» **TASK TO COMPLETE**
Pick out each line of the records that includes the string "with", and copy it.

» **TASK INPUTS**
+ + + +

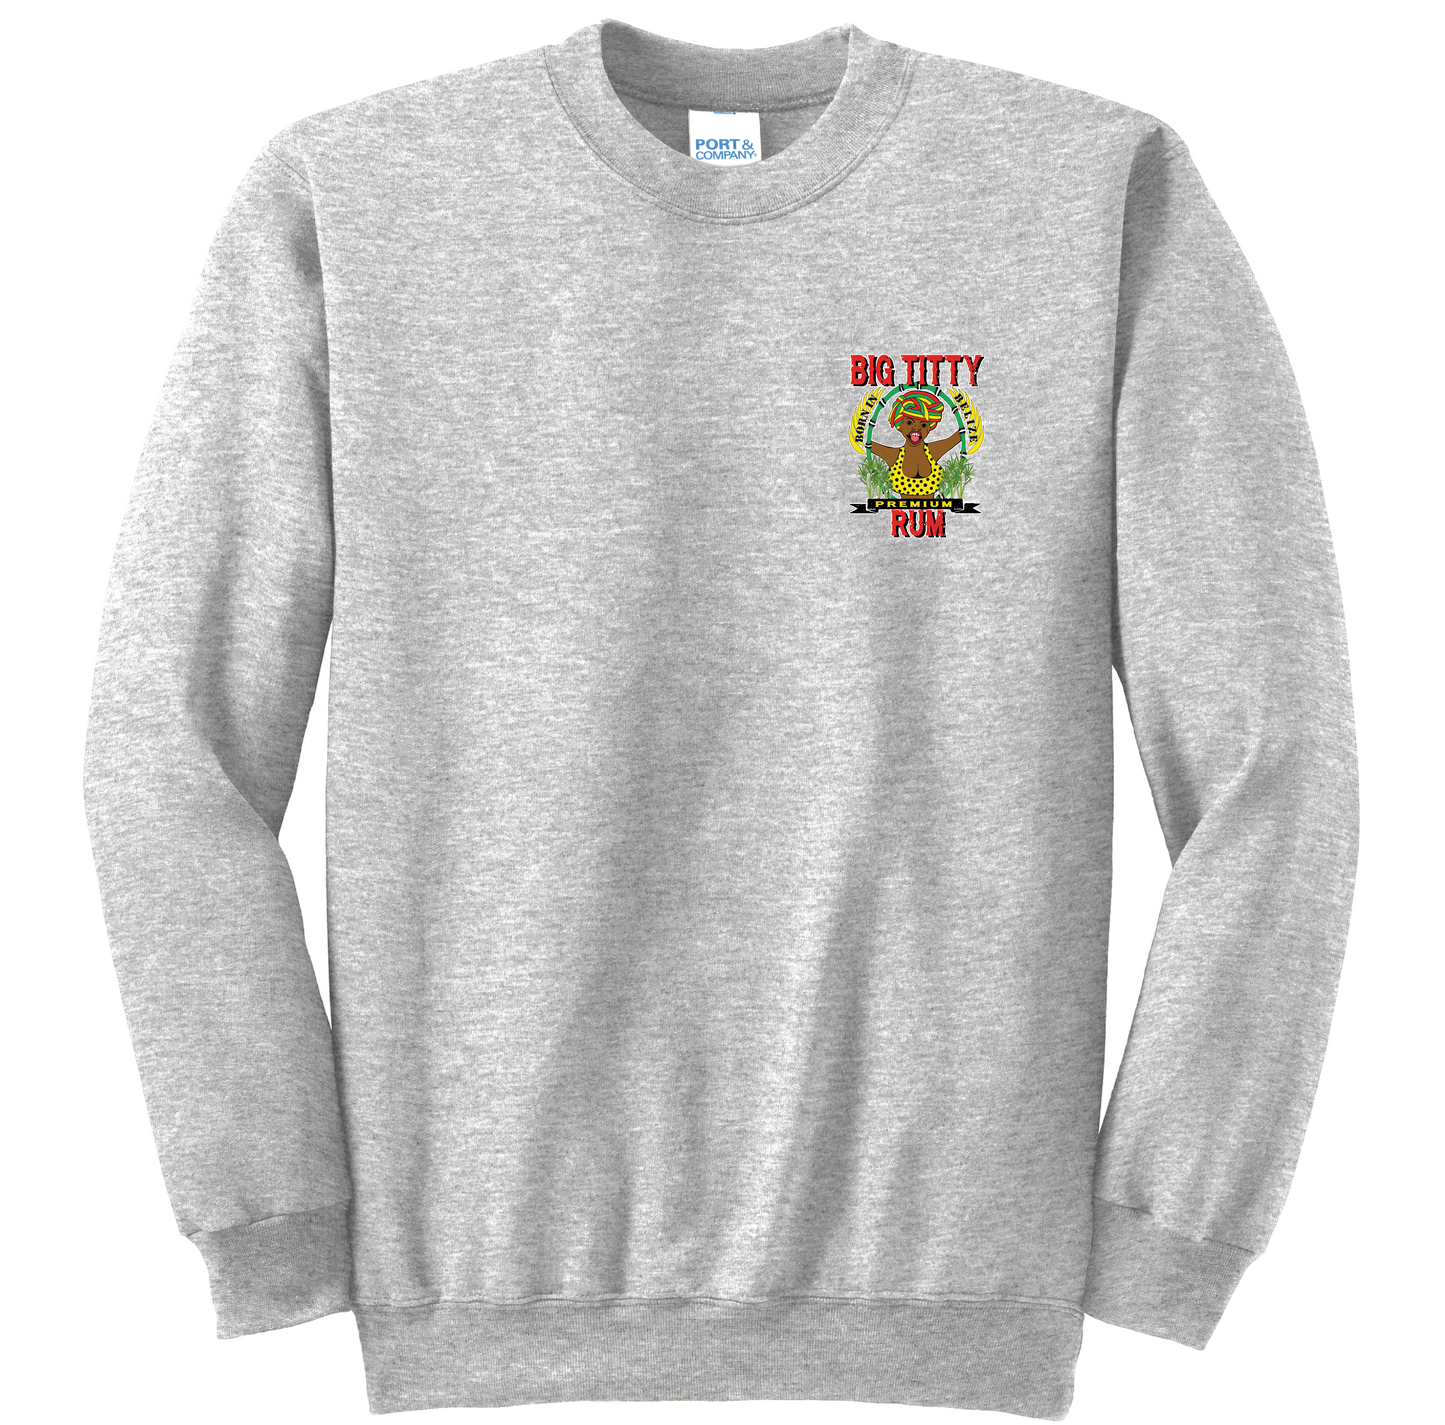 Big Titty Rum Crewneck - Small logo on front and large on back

+ + + +

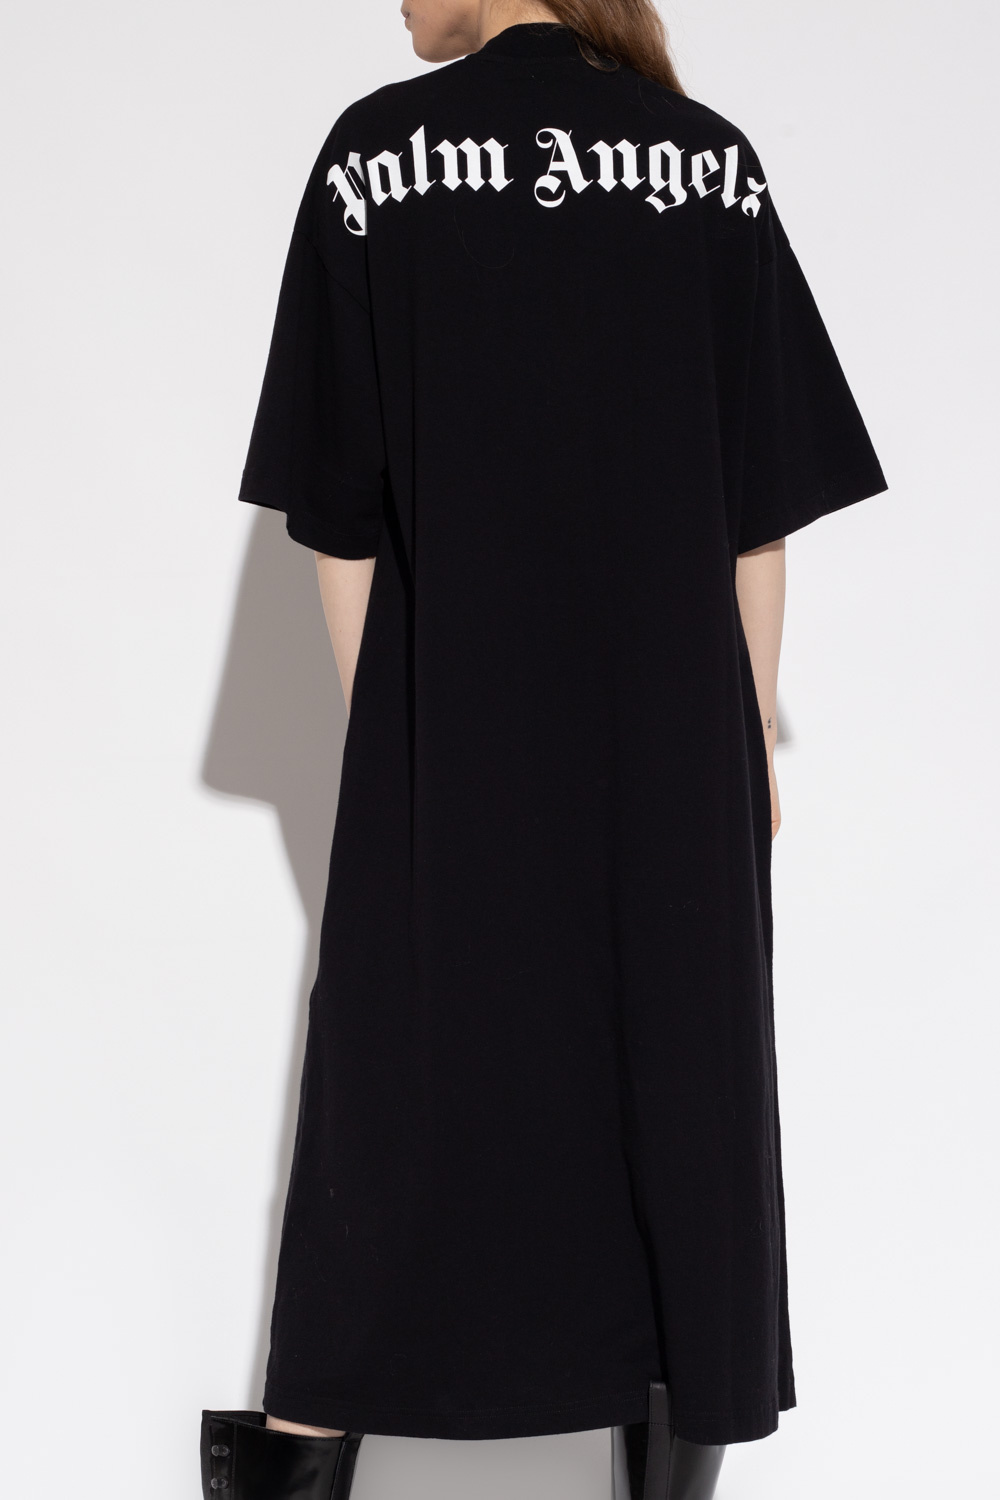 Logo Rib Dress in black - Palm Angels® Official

+ + + +

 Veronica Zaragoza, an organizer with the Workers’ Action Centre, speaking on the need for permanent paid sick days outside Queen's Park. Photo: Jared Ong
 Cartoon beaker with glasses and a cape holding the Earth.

+ + + +

» **RESULT OF THE TASK**
 Veronica Zaragoza, an organizer with the Workers’ Action Centre, speaking on the need for permanent paid sick days outside Queen's Park. Photo: Jared Ong
 Cartoon beaker with glasses and a cape holding the Earth.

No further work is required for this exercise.